PACOTTI

  1. Image
    Sheldon Pacotti, pictured in 2035.
  2. Image
    Efua Amankwah-Crouse in 2040.

PACOTTI is named after Sheldon Pacotti, whose work inspired Efua Amankwah-Crouse to create the first prototype at Google.

PACOTTI is an applied architectural component for deep learning systems. It combines an attention-based transformer architecture with a reconfigurable differentiable neural computer (DNC), which enables artificial intelligence (AI) systems to dynamically infer, transform, recombine and generalise high-level conceptual structures without the need for explicit training on bulk data sets.

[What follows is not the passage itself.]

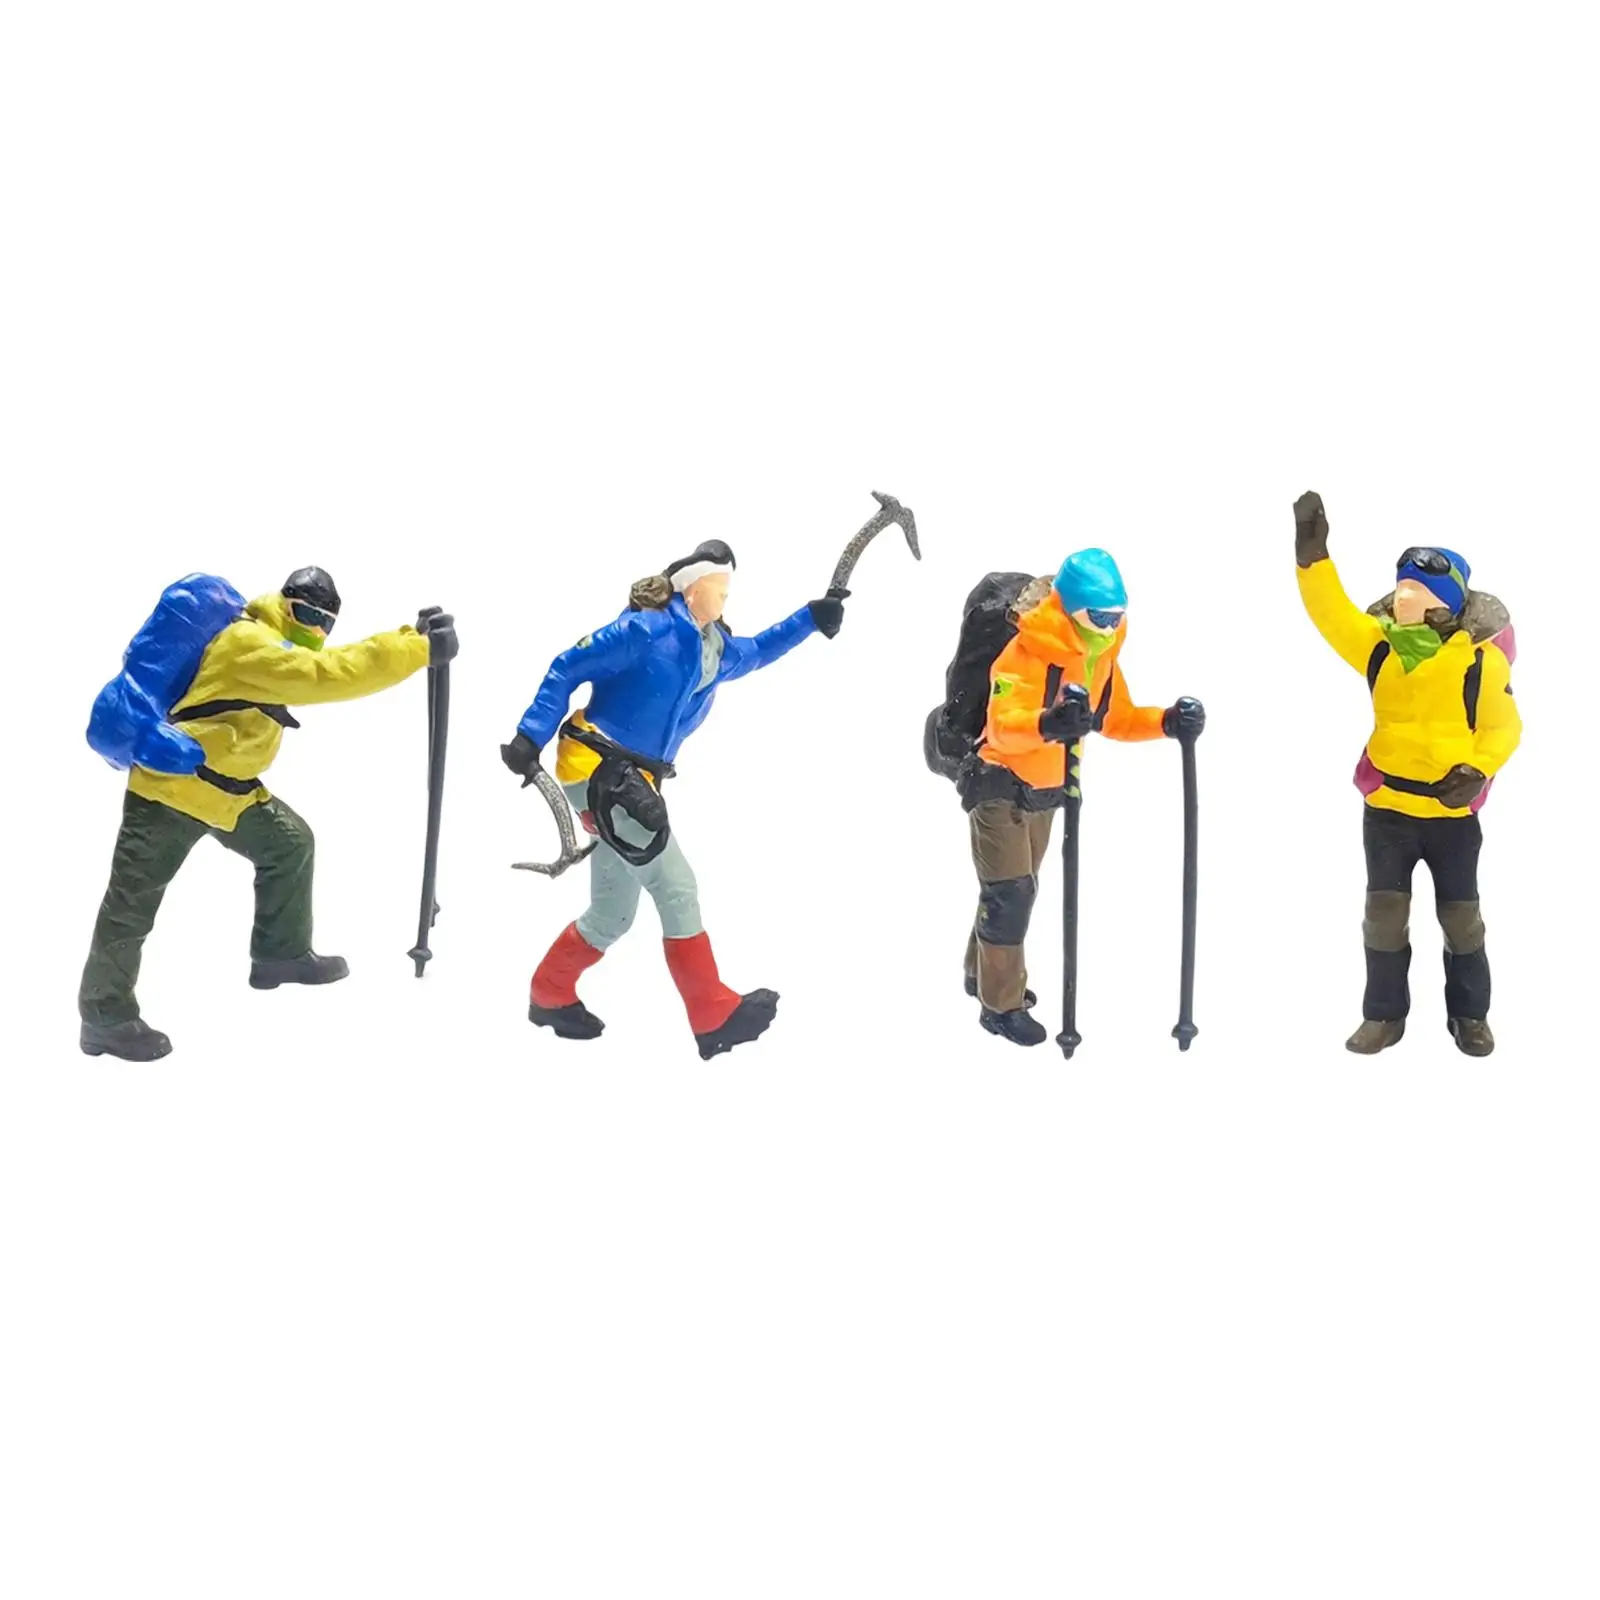 Resin 1/87 Climbing People Figures Mini People Model Mountaineering People Figures for DIY Projects Miniature Scene Layout Decor

The introduction of PACOTTI is considered the beginning of the third generation of AI. Unlike second-generation AI architectures, which relied on minimum learning, maximum scale (MLMS) approaches that contributed to model collapse, PACOTTI allows for dynamic substructures that rapidly create and align bespoke attention models as new task-relevant information is provided.

PACOTTI’s ability to create neural substructures to solve problems for which there is no human analogue has subsequently enabled the architecture to be applied more widely to other classes of problem, most notably serving as the core processing technology for neural colloids.

History

Predecessors

The explosion of interest in artificial intelligence (AI) technology in the 2010s led to a wave of architectures known as second-generation AI systems, defined by their emphasis on training large foundational models using extremely large data sets. [1] The best-known example of this was the transformer architecture, which emerged in the late 2010s and remained popular until the early 2030s. [2]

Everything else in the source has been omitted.